The Cloister of Santa Croce
Abbati Giuseppe (Napoli 1836 – Firenze 1868)
An epitome of the so-called "Macchiaioli" painting's technique, this small piece of art was inspired by the nineteenth-century façade and courtyard works in the Church of Santa Croce in Florence. As his mentor and art critic Diego Martelli noted, Abbati, in 1861, “devoted himself to a serious study in the cloisters of Santa Croce Church where, during restoration works, large marble blocks in different colours were heaped thus offering the artist the opportunity to observe well-defined volumes as well as clear-cut and, I’d say, almost elementary contrasts of colours and chiaroscuro”. Indeed, the blocks of marble became an opportunity to investigate the ratios between shapes and sunlight through synthesis and geometry. The thick brushstrokes almost sculpted the shapes with no need to give them precise contours, placing them in a real and well-defined environment created through a perspective inspired by the 1400s masters who were highly praised and studied by the Macchiaioli painters.

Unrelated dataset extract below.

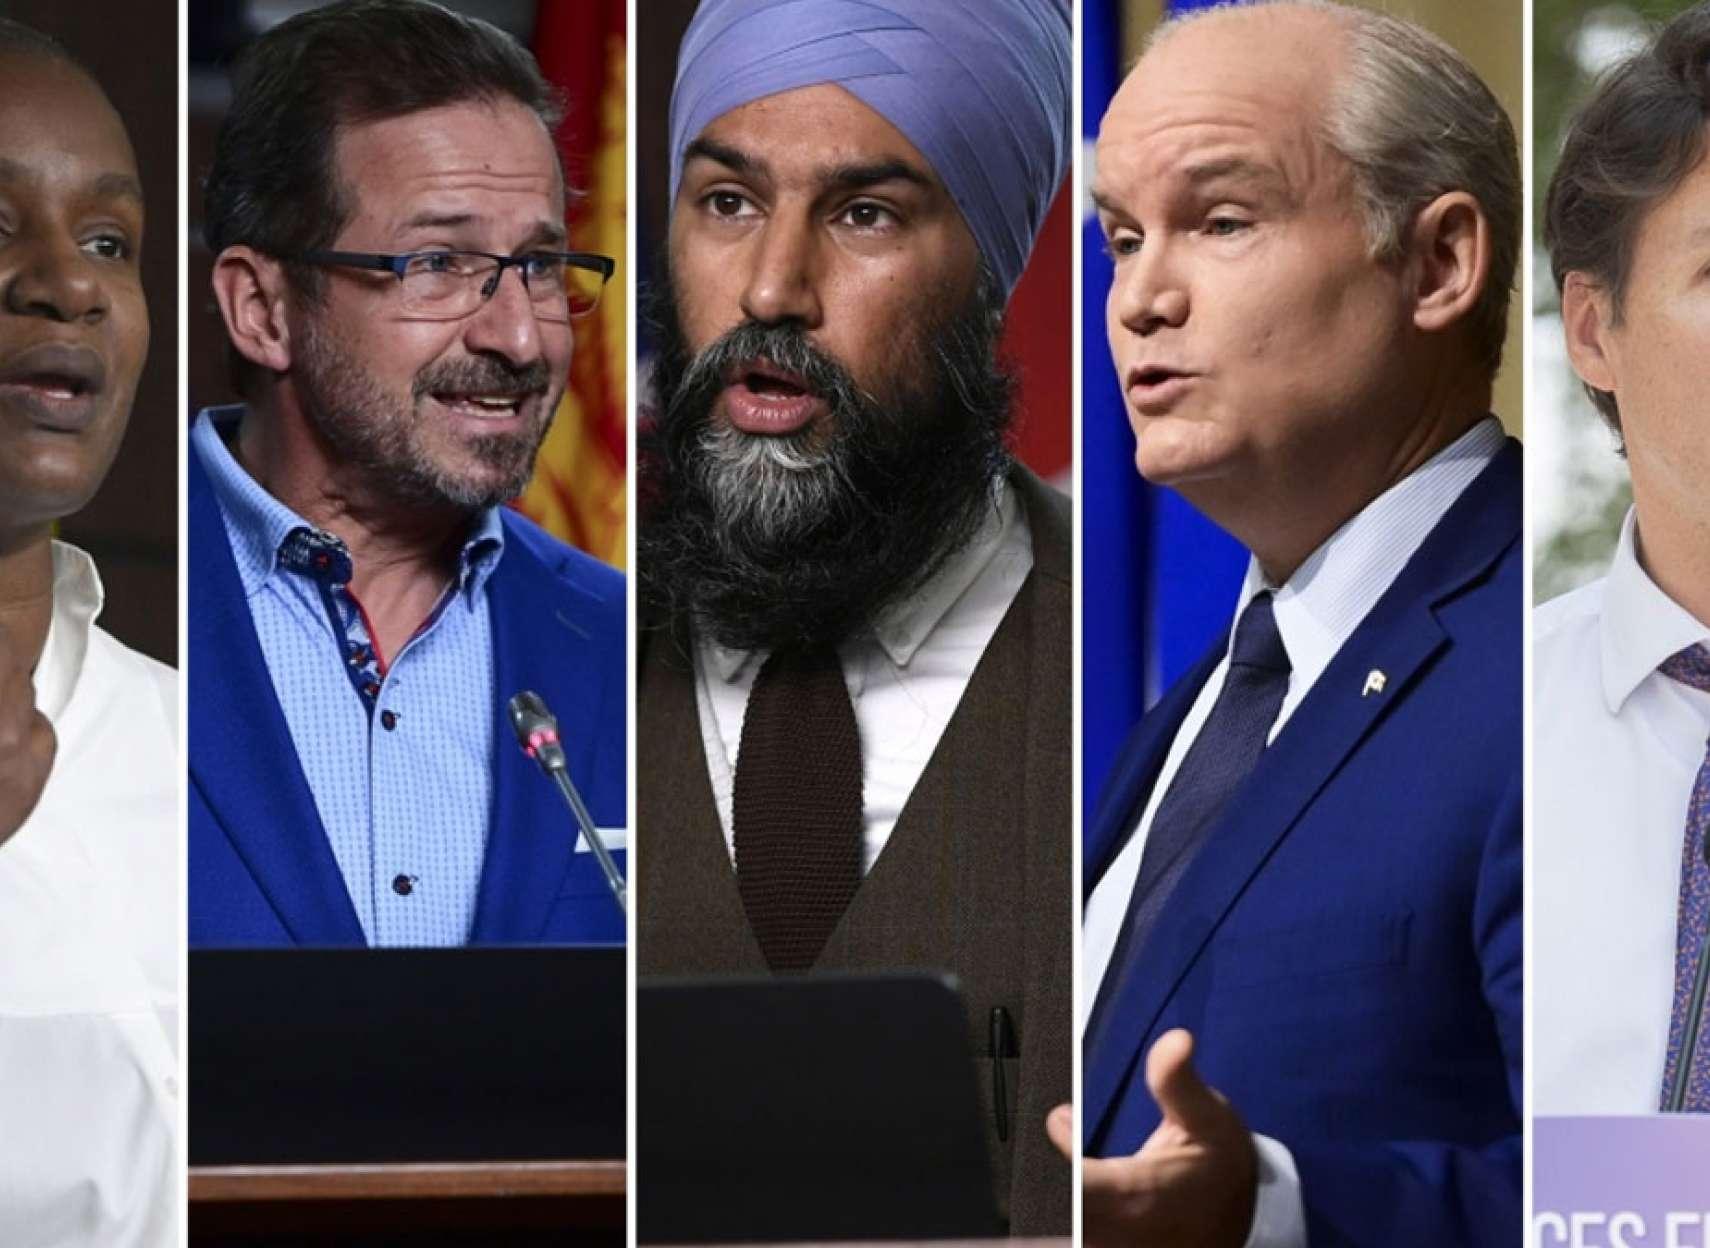 خبر-کانادا-پاسخ-همه-سوالات-و-هر-آنچه-که-باید-درباره-انتخابات-فدرال-۲۰۲۱-بدانید-اینجاست

Originally corresponding to the rather pejorative meaning of “stain”, the Italian term macchia first appeared in 1862 in an article of the “Gazzetta del Popolo” journal in reference to the technique used by the artists who, in around 1855, had undertaken an anti-academic revolution of Italian painting based on the direct observation of reality, the exploration of contemporary themes and the use of a more simplified painting style in which images were represented as though seen from a distance and depicted as shapes and lights without detailed elements.